In the first section of Scotus’ reply to the objections to Aristotle, Scotus reiterates his claim as to the irreducibility of the two active powers of nature and will. First, he responds to the objection that the sun can produce opposite effects-e.g., it can both soften (ice) and harden (clay) and hence, the sun as a nature is no different than will.  Scotus rejects this and argues that these different effects pertain to the receptivity of the objects, and thus this objection does not speak to the more fundamental distinction that he makes with regard to mutually exclusive modes of operation.[5]  This discussion then leads Scotus to again emphasize the absurdity of attempting to apply propositions to the will that properly belong, for example, to the intellect as an active power.  In other words, Scotus points to the fundamental and non-reducible difference between intellect and will and suggests that we respect the otherness of what each inherently manifests itself to be.  Scotus goes on to claim that there is nothing contradictory about his account of will, and in addition, his account has the added benefit of conforming to our own experience. 

For there is nothing contradictory about a created active principle having the perfection we attribute to the will, namely, that it is not just determined to one effect or to one act, but has many things within its scope and is not determined towards any of these things that fall sufficiently within its power.  For who would deny an agent is more perfect the less it is determined, dependent, and limited in its action or effect?  [...] Consequently, if this perfection [superabundant sufficiency] we ascribe to the will is not opposed to the notion of a creative active principle-and the will is the highest such-then such perfection ought reasonably to be attributed to the will.[6]

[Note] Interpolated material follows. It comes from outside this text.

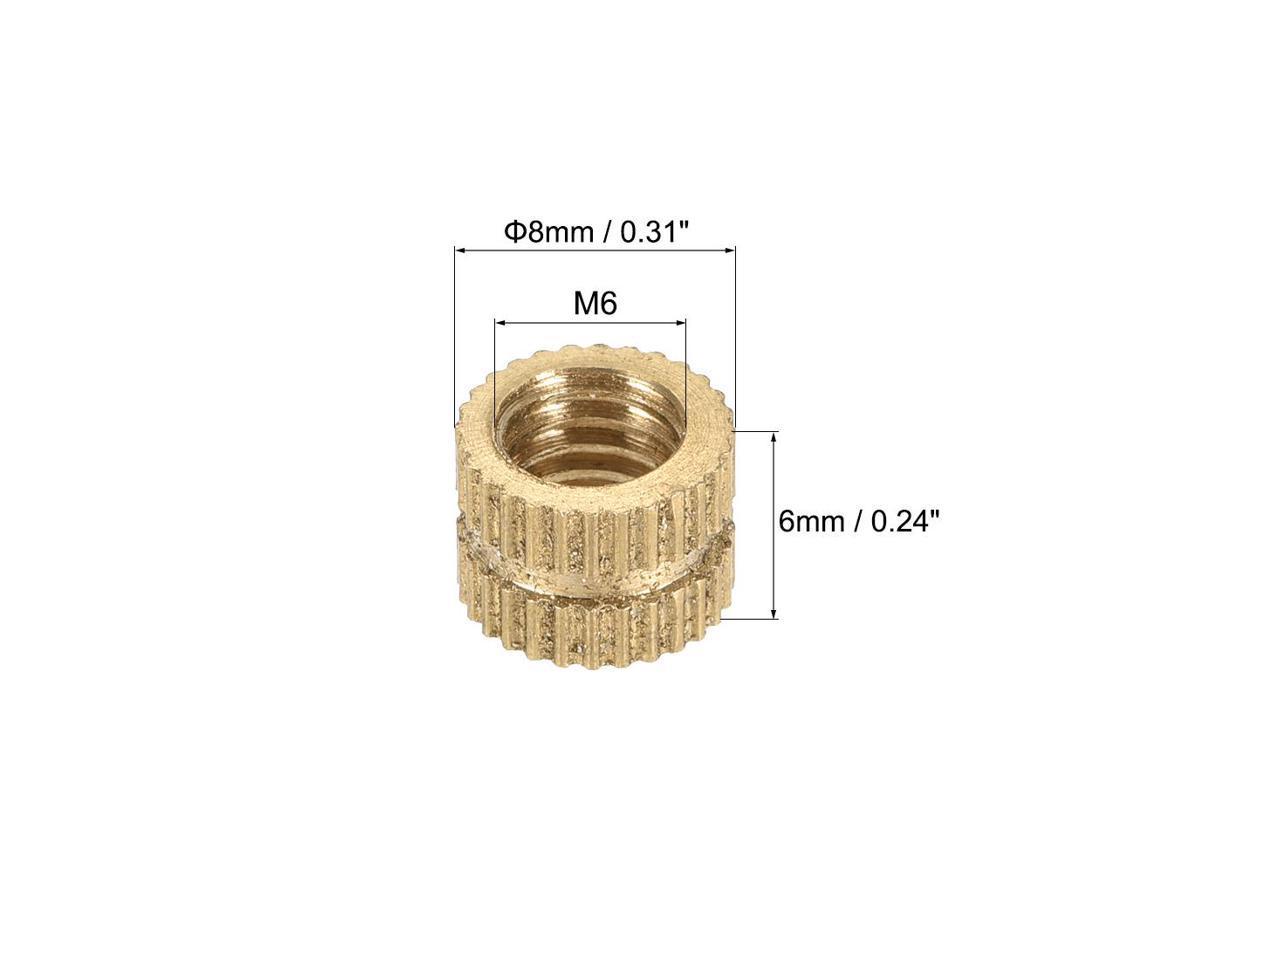 L 20 Pcs OD M6 x 6mm Brass Knurled Threaded Insert Embedment Nuts x 8mm

In other words, if the will in fact is an active power that manifests the kind of superabundant sufficiency that Scotus describes, and hence is capable of determining itself, it would seem unreasonable to deny that this is a better situation than one in which the will is dependent on something outside of itself to determine it-the latter exhibiting a state of affairs which would in effect negate freedom.  Moreover, as Wolter suggests, Scotus seems to hint at the idea of the (free) will as a pure perfection. 

Notes


[1] Scotus, Duns Scotus on the Will and Morality, p. 140. [2] Scotus, Duns Scotus on the Will and Morality, p. 141. [3] As Wolter notes, “[God] has no need to be actuated from without; he himself determines what he shall produce.  Here we have ‘creativity’ in its fullest form, and in God’s will we have the ultimate basis of contingency in the world.  Elsewhere Scotus explains in what sense the ability to act freely and contingently is a pure perfection [Ordinatio I, d. 38 and 39, n. [15] (Vat. ed. VI, 417)], but here too he stresses that freedom for opposites is itself a measure of unlimitedness that mirrors in some fashion (quodammodo) what God possesses purely and simply (simpliciter)” (“The Will as Rational Potency,” p. 176). 

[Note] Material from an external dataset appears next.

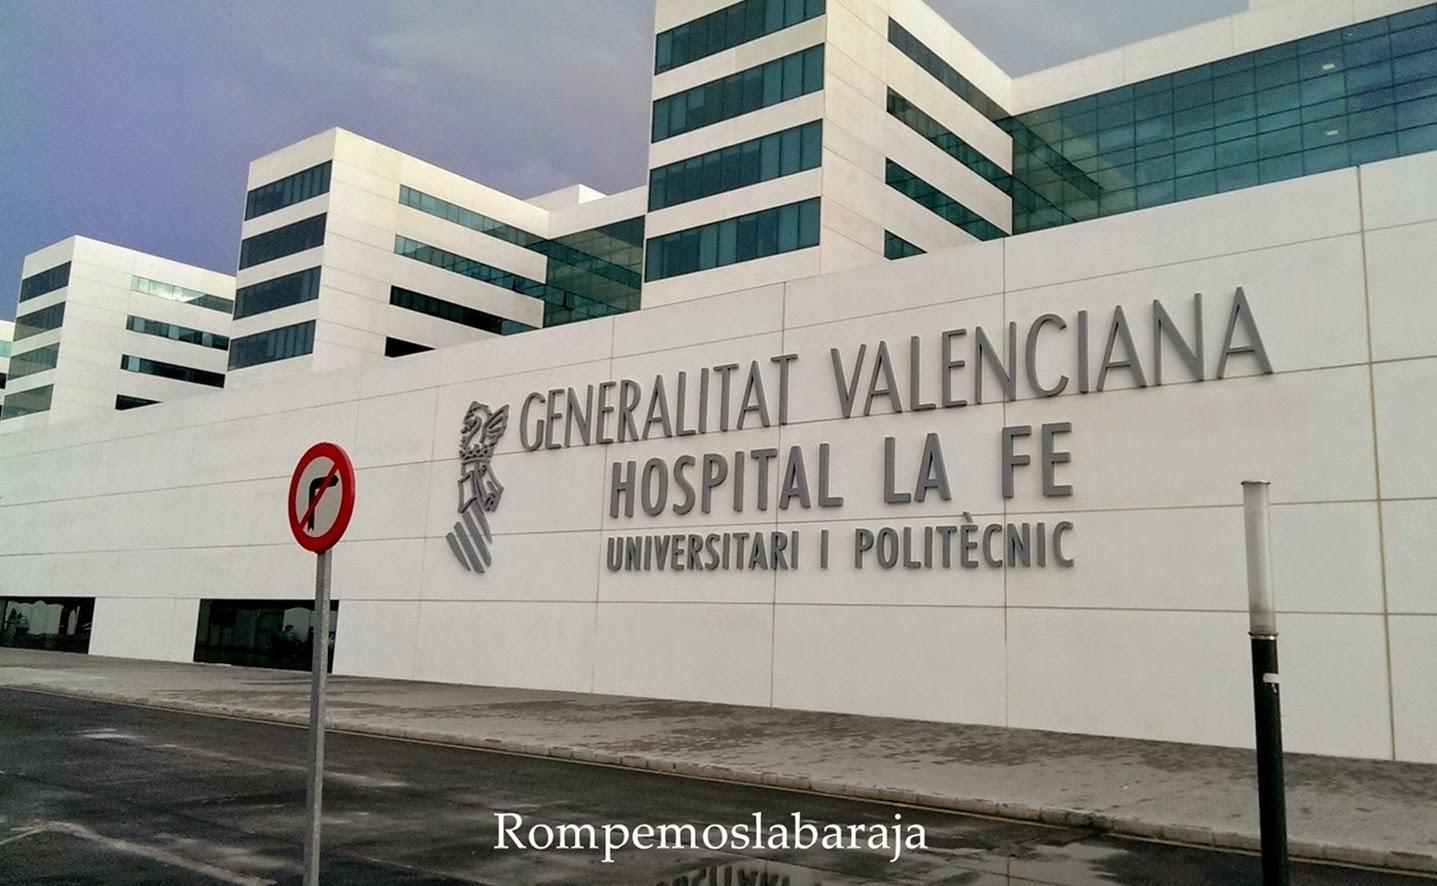 Nombramientos listado de las nuevas jefaturas de servicio en los hospitales publicos valencianos - Hospital nueva fe valencia ...
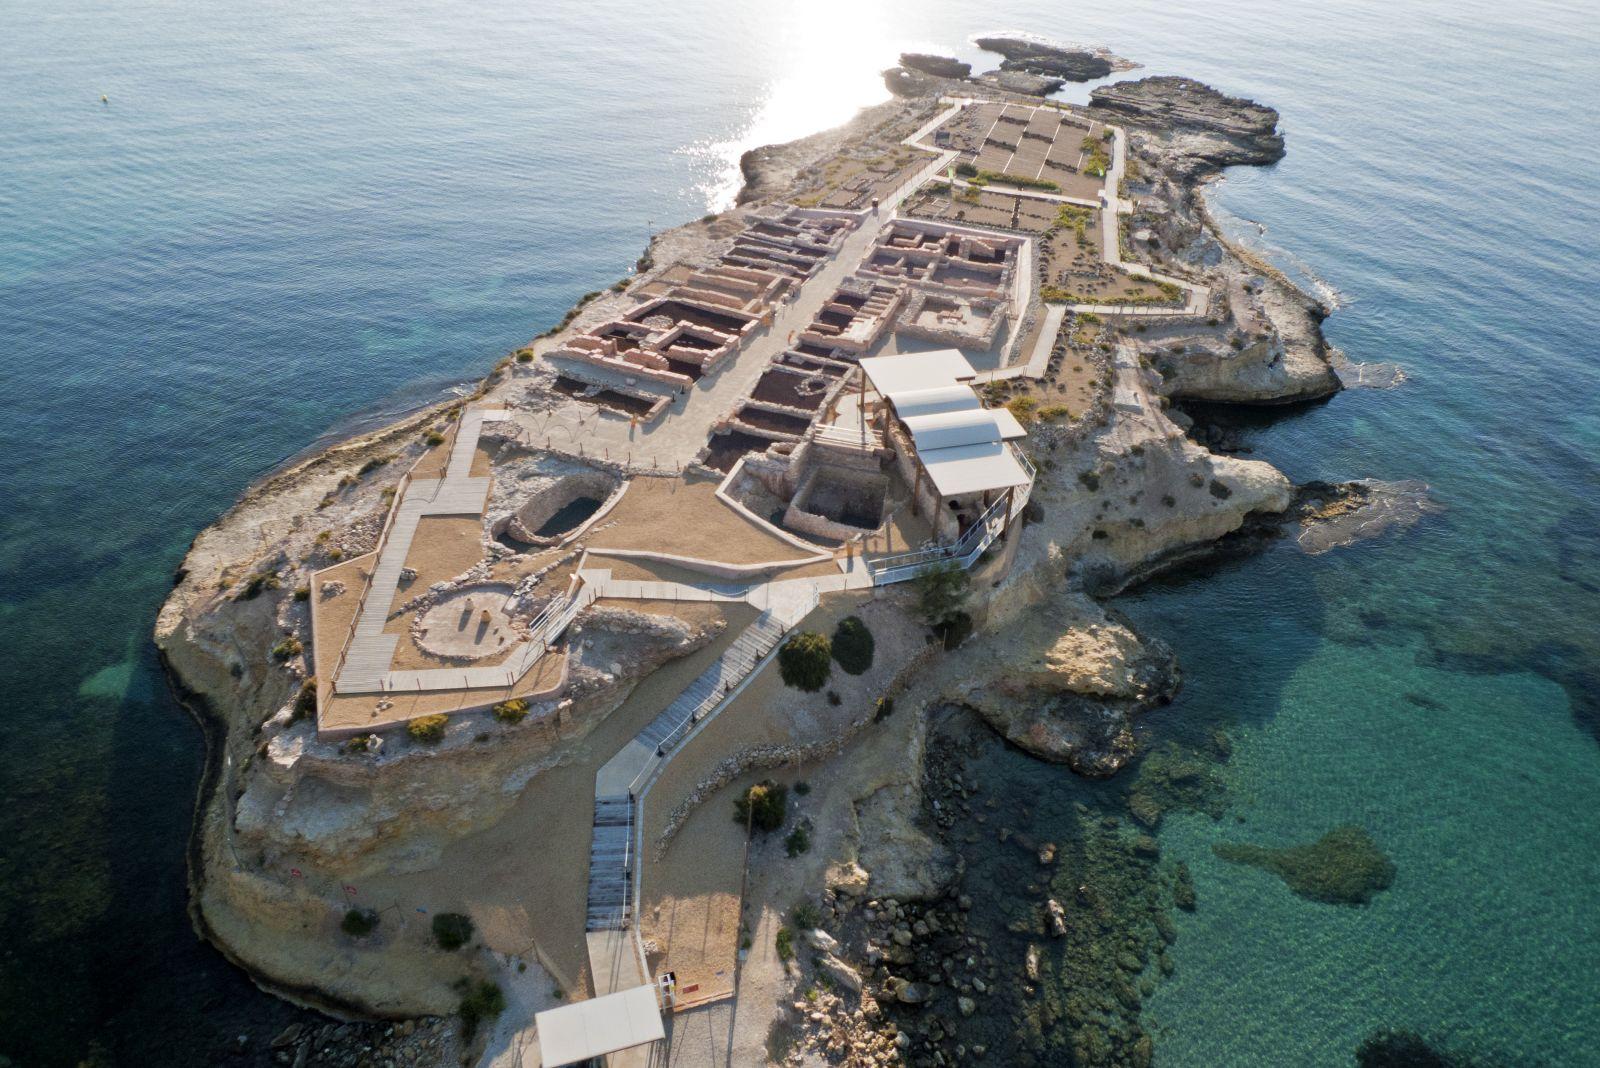 Yacimiento-arqueologico_La-Illeta-dels-Banyets_El_Campello-Alicante-Comunidad-Valenciana-Gestiona-MARQ

[4] Scotus’ doctrine of superabundant sufficiency seems intimately connected if not logically entailed by his understanding of God as an actual infinite.  Just as for the Greeks the notion of indeterminacy as a lack was commonplace and more or less axiomatic, so too infinity was a sign of imperfection.  Scotus, however, argues for a positive view of infinity that understands the infinite not mathematically or quantitatively but intensively.  For Scotus, the divide between God as infinite being and everything else as finite being involves a difference that cannot be measured by any determinate degree.  Stated slightly differently, Scotus’ God is not the supreme being, the greatest being (quantitatively speaking), or the best part of the whole that completes the system (as is the case with Aristotle’s god).  Rather, Scotus’ understanding of God as infinite being remains undiminished in being and goodness whether or he creates.  For Aristotle, such a claim would have been completely unintelligible. 

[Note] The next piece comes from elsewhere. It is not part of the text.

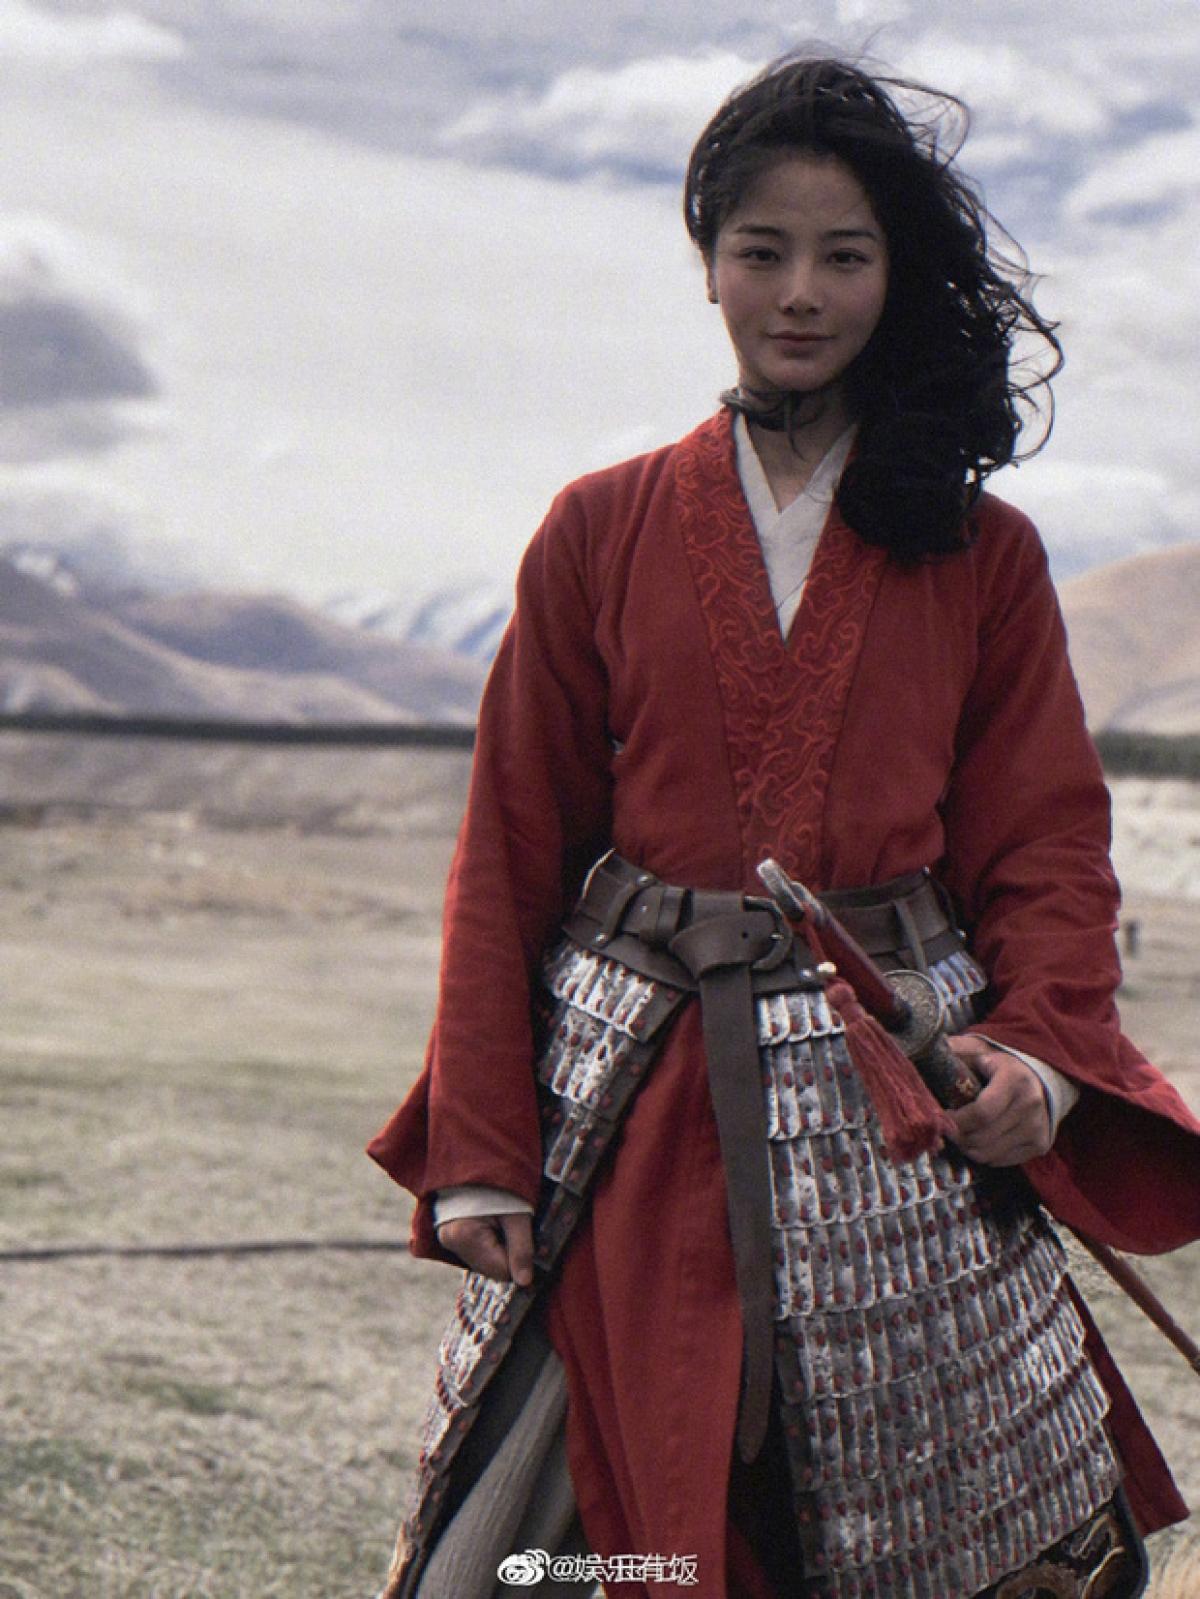 Nhờ vậy, Lưu Á Tây đã vượt qua nhiều ứng viên để đảm nhận tốt vai trò đóng thế cho Lưu Diệc Phi.

[5] As Scotus explains, a natural form “is still determined to produce these effects in the same way as a form with but one effect is determined to produce a single effect.  For the sun does not have it in its power to generate an alternative to the form it produces-when the recipient of this or that form is present-any more than it would have if it could produce but one form.  The will, however, is not the sort of principle that is of itself determined in regard to its action, whether the action has to do with this or that opposite, but it possesses the power to determine itself in regard to either alternative” (Duns Scotus on the Will and Morality, p. 143). 

[6] Scotus, Duns Scotus on the Will and Morality, p. 143. 

Part III: Scotus and the Will as a Self-Determining Active Power

By Cynthia R. Nielsen

December 1, 2007

Scotus’ Solution:  The Irreducible Distinction Between Nature and Will

As promised, we now turn to Scotus’ solution wherein we find his explication of the distinction between nature and will and his idea of superabundant sufficiency.  Scotus begins by stating that the distinction between nature and will is not determined by the objects correlated with these powers, but rather by the modality in which the potencies operate.  Then Scotus tells us that there are only two ways or modalities in which the powers work, namely, either naturally (necessarily) or freely (contingently).[1]  By making the respective modes of operation both mutually exclusive (either naturally or freely) and the defining features of each power, Scotus points us to a fundamental and irreducible distinction between nature and will.   Interestingly, Scotus also claims that Aristotle had this same basic distinction in mind in II Physics with his distinction between two per accidens efficient causes, namely, chance which relates to nature and fortune which presumably involves will.[2] 

Next Scotus engages a number of possible objections to his position.  First, Scotus claims that for those who want further justification as to why natures and wills act in these particular and mutually exclusive modalities, there simply is no reason to give other than to say that that is the kind of cause that it is.  As Wolter says, “just as heat heats because it is heat, so will wills because it is will.  The former does so necessarily, whereas the will acts contingently.”[3] One might then object that the proposition “the will wills” is contingent.  To this Scotus replies that a contingent proposition cannot be deduced from necessary propositions; hence, we shouldn’t expect to find reasons for the will’s willing from natural causes because the will operates freely, not naturally or necessarily.  For Scotus, the proposition “the will wills” is an immediate proposition for which there is no further explanation.  To a second objection, which states that the indeterminacy of the will must be proved a priori, Scotus replies that the will’s indeterminacy is rather proved a posteriori.  In other words, Scotus appeals to our experience that we could have acted otherwise in order to explain the indeterminacy of the will.  “For the person who wills experiences that he could have nilled or not willed what he did.”[4]

Notes


[1] As Scotus explains, “[f]or a power or potency is related to the object in regard to which it acts only by means of some operation it elicits in one way or another, and there is only a twofold generic way an operation proper to a potency can be elicited.  For either [1] the potency of itself is determined to act, so that so far as itself is concerned, it cannot fail to act when not impeded from without; or [2] it is not of itself so determined, but can perform either this act or its opposite, or can either act or not act at all.  A potency of the first sort is commonly called ‘nature,’ whereas one of the second sort is called ‘will’” (Duns Scotus on the Will and Morality, p. 139). [2]  See Wolter’s discussion of  Scotus’ claim with regard to Aristotle’s awareness of this distinction in his article, “The Will as Rational Potency,” as found in The Philosophical Theology of Duns Scotus.  Ed. Marilyn McCord Adams.  (Ithaca and London:  Cornell University Press, 1990),  pp. 174ff. 

[3] Wolter, “The Will as Rational Potency,” p. 174. 

[4] Scotus, Duns Scotus on the Will and Morality, p. 140.